This is a lovely document, typical of SQLite authors and why it's such a great piece of software.<p>If they are going to ask kernel filesystem authors to provide a better API, I have long felt there is one obvious API type which is missing from Linux and would be better for filesystem databases than other approaches:<p><pre><code> fdatasync_rangev()
</code></pre>
That is, like fdatasync() (including committing size & filesystem structure blocks needed to retrieve committed data later), but only committing the data within a set of byte ranges, returning when that's done. So that it doesn't have to wait for all the rest of the data to be written.<p>That would allow the WAL or journal to be efficiently part of the database file itself. No need for extra files, file creation and deletion, directory operations or syncing directories. That's a bunch of durable metadata writes that can be removed, and filesystem implementation details that can be avoided.<p>It would also allow atomic and durable writes without the need for writing twice in some cases, depending how the data is structured. (First write to the WAL or rollback journal, then to the database main file).
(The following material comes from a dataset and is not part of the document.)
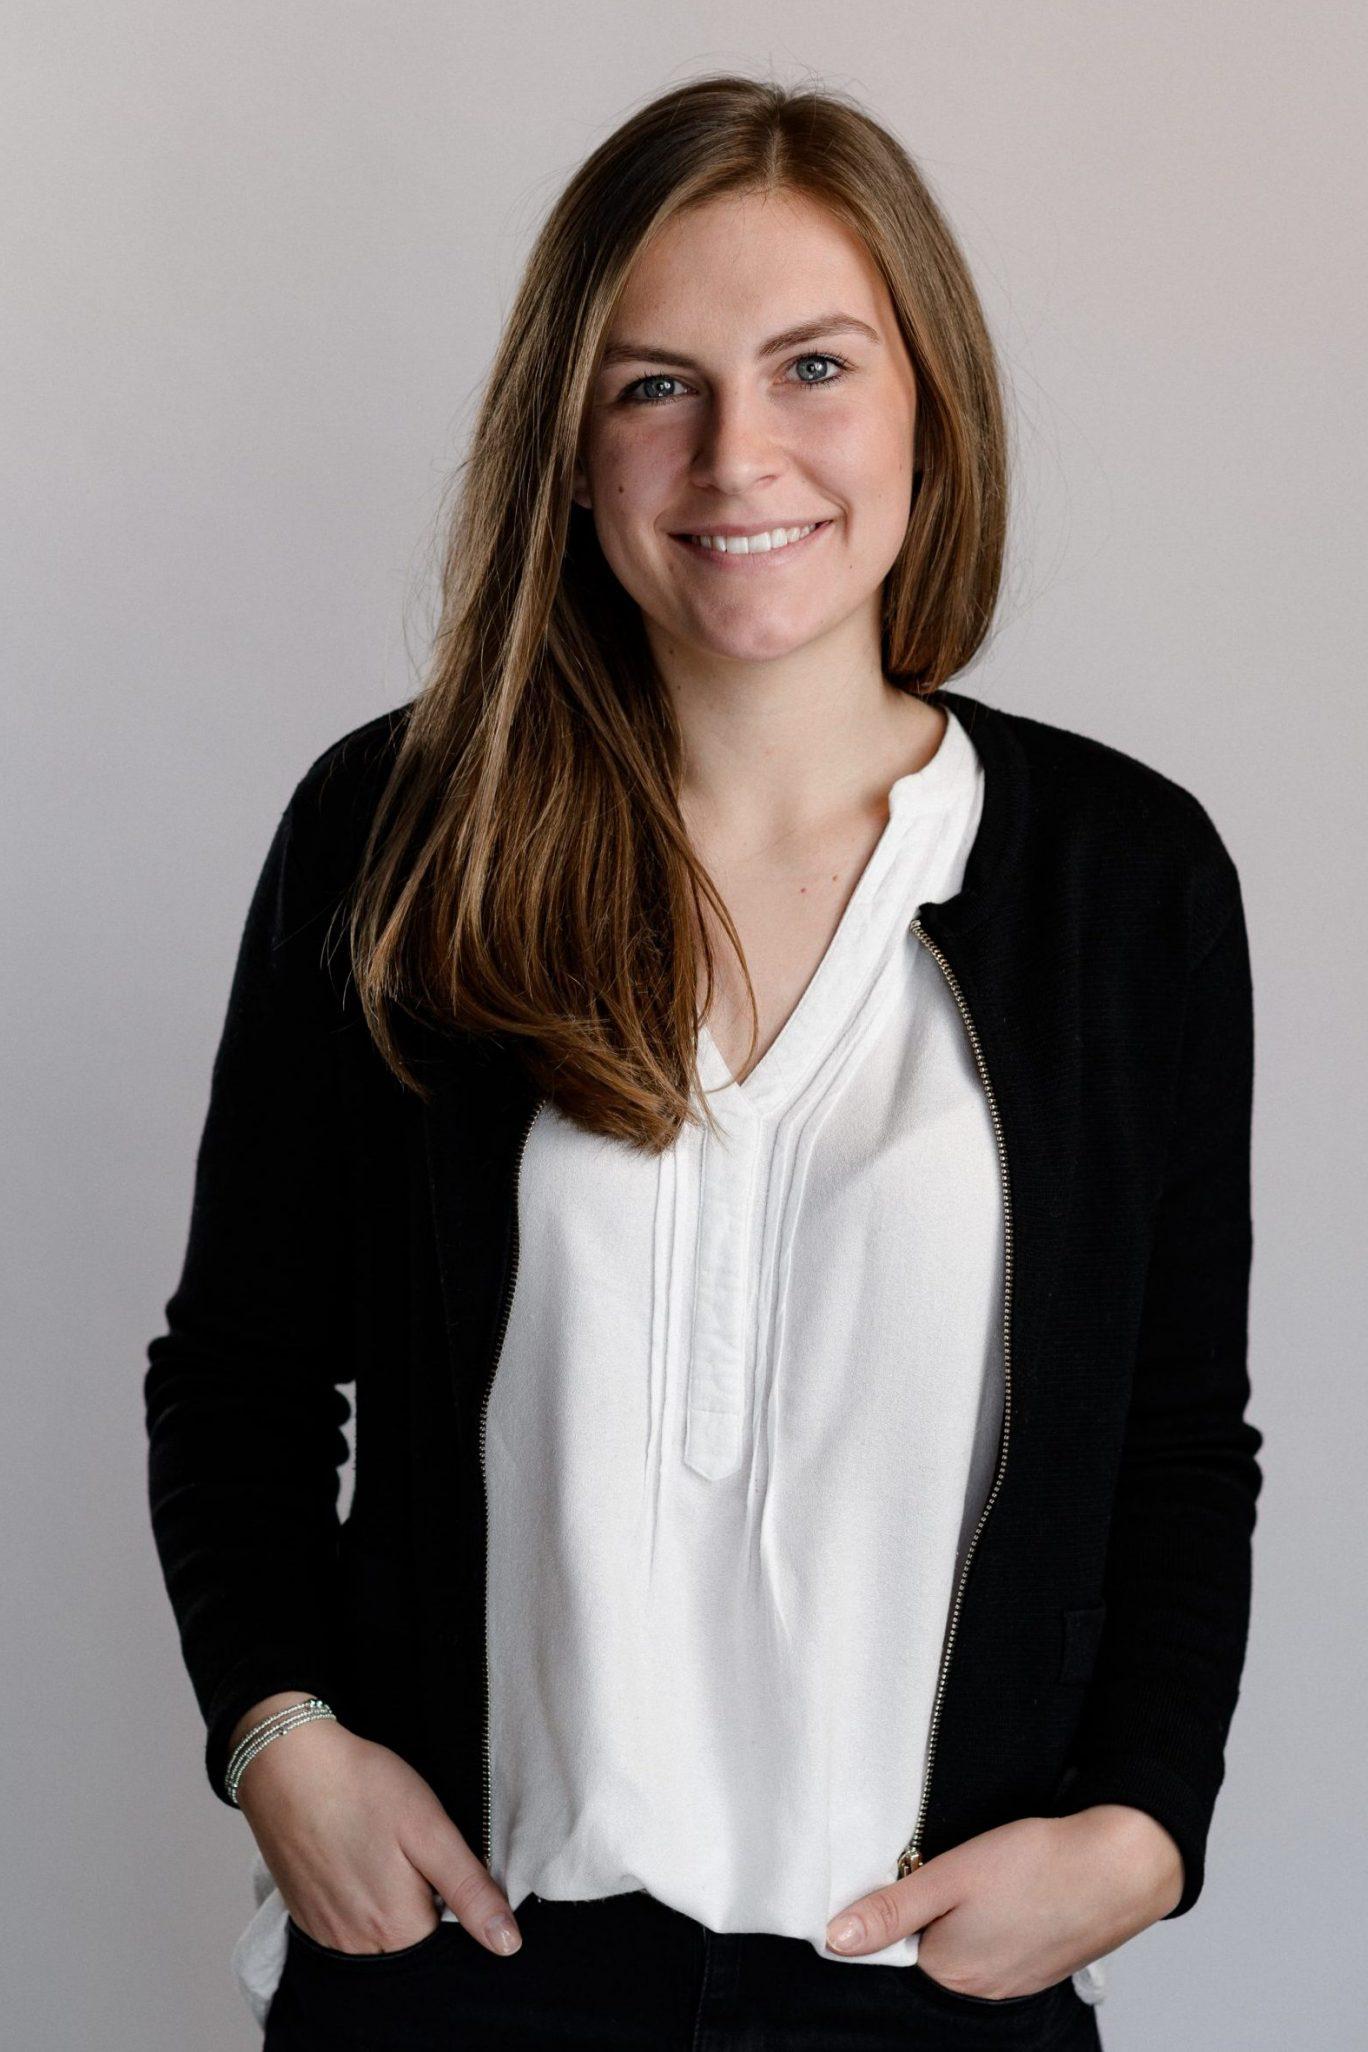 Olivia Prenntzell
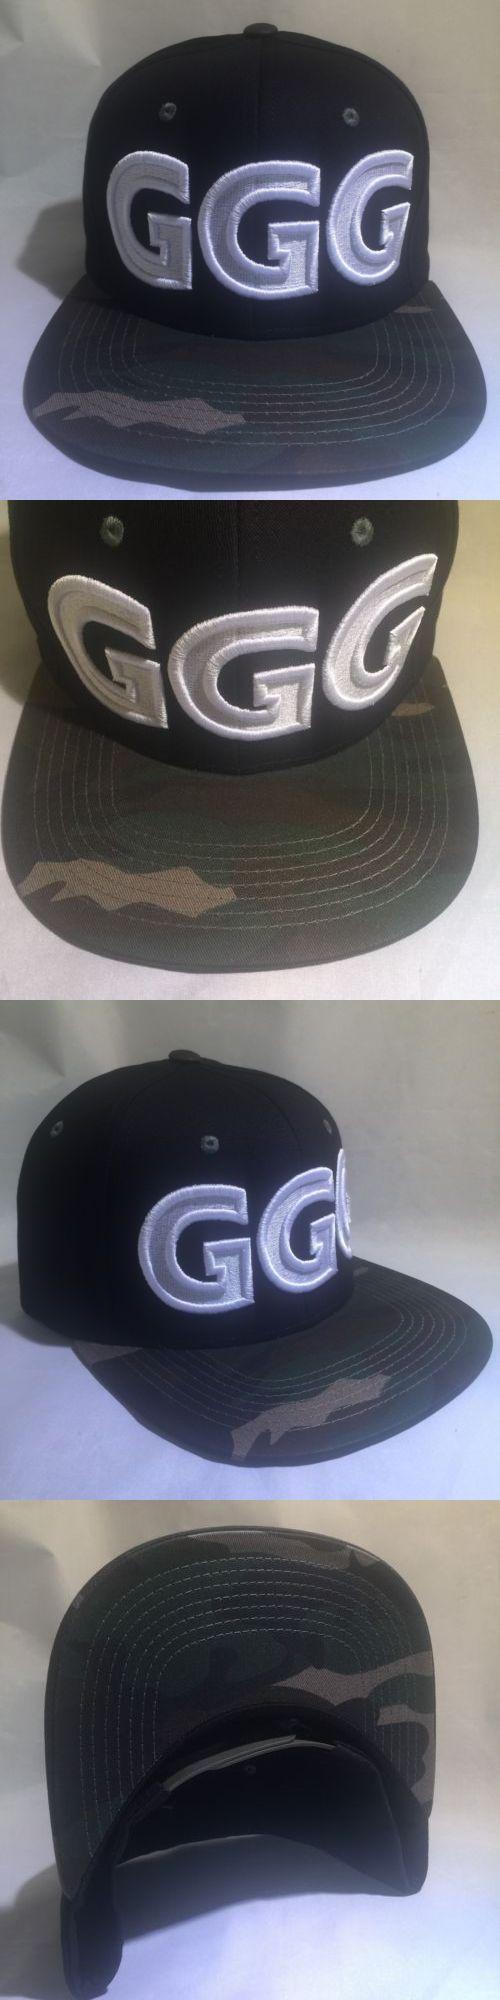 Headbands and Hats 179769: Ggg God Of War Canelo Alvarez Gennady Golovkin Boxing Hat Boxer Snapback Camo -> BUY IT NOW ONLY: $34.99 on eBay!

That's a bunch of data writes avoided.<p>In cases where it can avoid two writes, that would also remove the intermediate barrier sync, doubling the commit-to-sync throughput.<p>Ideally like other I/O (or at least reads) that should be available in a sensible async manner too, with completion when the covered data is committed durably, and only that data. I'm not sure what system API would provide good async I/O for something like SQLite though, if it's not able to use AIO or ui_uring due to kernel API being poorly suited to a self-contained library.<p>Finally, a couple of variant (probably via flags).<p>"No rush" flag, to let the caller wait until those ranges are committed durably, but not force them to be written faster than normal. That would allow ordinary fast buffered-write speed, while at the same time providing the usual ACID guarantees that a DB returns success from COMMIT when the data is durably committed. For some workloads that would be fine.<p>"Barrier" flag, make the call return immediately but delay all subsequent writes on the same filedescriptor until the ranges are synced durably. This is similar to what's mentioned in the article, but more versatile by attaching to ranges. It's also not strictly necessary if you have the "no rush" flag.